I am soon alongside them. At first, I am not noticed. The dust is heavy from their passage, and I am dressed in a similar manner to the raider I downed. The others assume I am he. I make my way to the front camel, Shem’s prize white camel, Niha. Pressure on the reins and a shifting of my weight slows Wind to match her pace. The bulls protect their family, but it is a female who leads. The others will follow her and will not go faster than she, and she will not go faster than her calf.
I apply a steady pressure to Wind’s right flank with my leg. He balks, snorting. Horses do not care for the scent of camels, but I am insistent, with little nudges of my heel, and he finally obeys, moving away from the pressure and into Niha’s side.
“Hiya! Hiya!” I cry, waving my hand in her face, since I do not have a stick. She turns away and I stay at her side. All the riding skill I have is called upon to turn Niha, but she finally acquiesces. Shouts rise up from the other raiders who still think I am one of them and are calling to me, asking me what I am doing.
Now Niha is moving in a wide arc, the other camels, stringing out behind her, followi
ng.
“Hiya! Hiya!”
She acquiesces, trotting with long languid strides in a direction at a sharp angle to her previous course. Now, the other raiders, realizing the deception, are racing toward me, swords drawn. I glance over my shoulder to check their progress. Close. Too close. I am still caught in the sweep of emotions that hurtled me onto this wild course. I will not give up my position.
“Hiya!” I wave my hand into Niha’s face, threatening her eyes. She jerks her head away, toward the encampment and finally completely turns that way. Some of the raiders are trying to circle the remainder of the herd back, but Niha has decided she has had enough of all this and wants to go home, and that is where she is going. And the other camels are ignoring the shouts and following her.
I turn too, just as the unmistakable whoosh of a sword blade slices the air, close enough to shave the fine hairs from my ear. Had I not turned at that instant—
There is no time to dwell on this. Wielding a sword from horseback is almost as difficult as trying to shoot an arrow from there, but I do not wish to put that to the test. I have only my skill at riding and my lighter weight to keep me alive. My heels drum Wind’s side. He tosses his head, flinging a string of bloody mucus from his torn nostril into my face. But he responds to my need, bursting through the ragged line of loping camels. I lean low on his outstretched neck, half closing my eyes against the sting of his mane, squeezing speed from him with the muscles of my calves. I am counting on the raiders’ anger to compel them to follow me.

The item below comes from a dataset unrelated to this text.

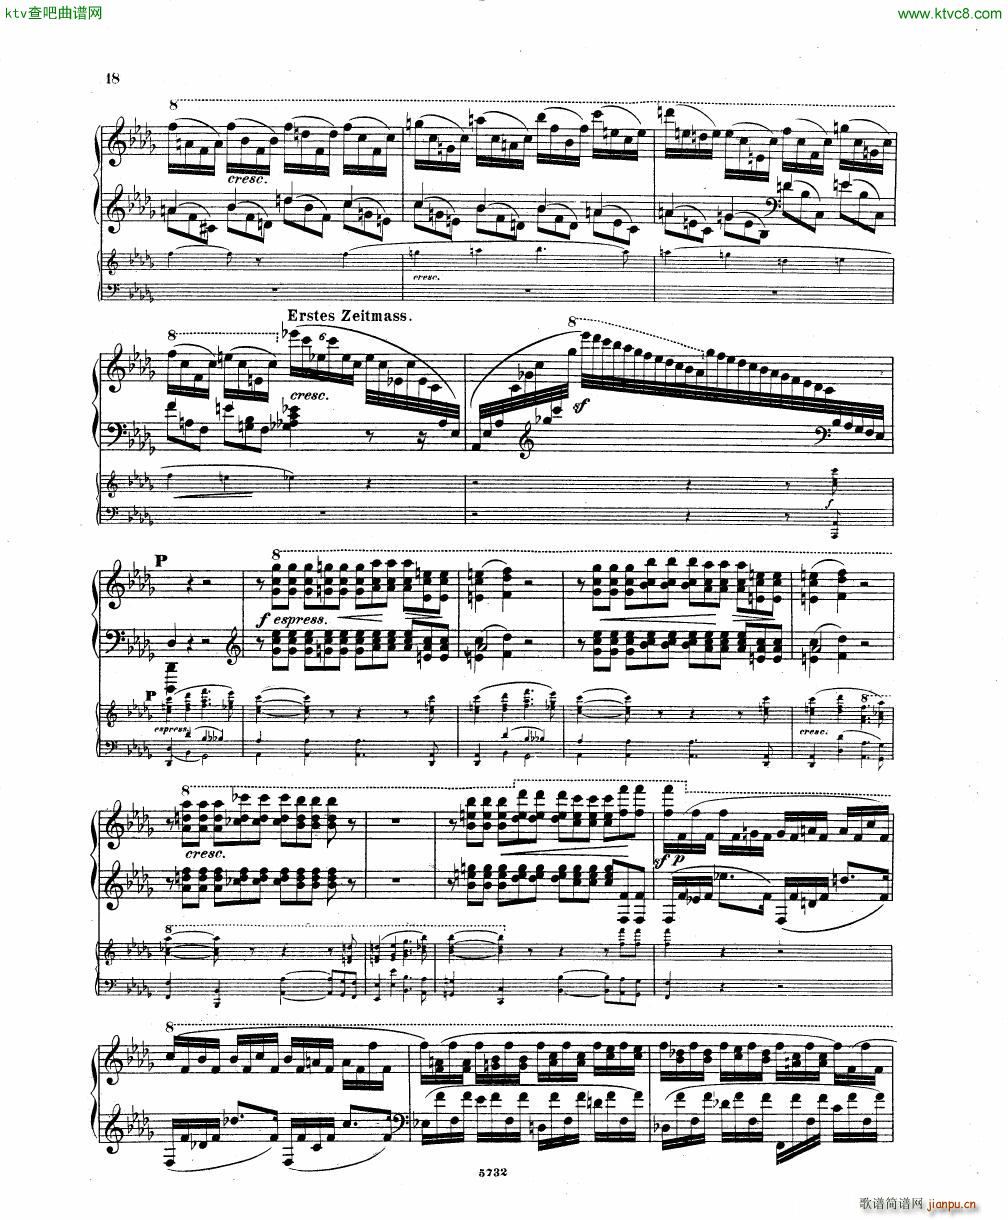 Fuchs Piano concerto Op 27 I()16

But if they catch me, I am dead … or worse.
It is a race. A glance behind me—too close of a race. My pursuers’ mounts had only to match the slower pace of the camels and are better rested than Wind. The swaths of the raiders’ headdresses cover their mouths, but their dark eyes brim with rage. Fisted hands brandish raised swords that gleam in the sun’s ruthless glare.
I focus between my horse’s ears, straining to see our goal, but the wind has added to the stirred dust of our passage, blowing in a sudden burst that blurs the figures running toward us. Perhaps the windstorm that concerned Mana has arrived. My hands grip the strands of Wind’s mane. I have no whip, but I free one hand to rest on the side of his foam-streaked neck and lean further forward in a plea for more.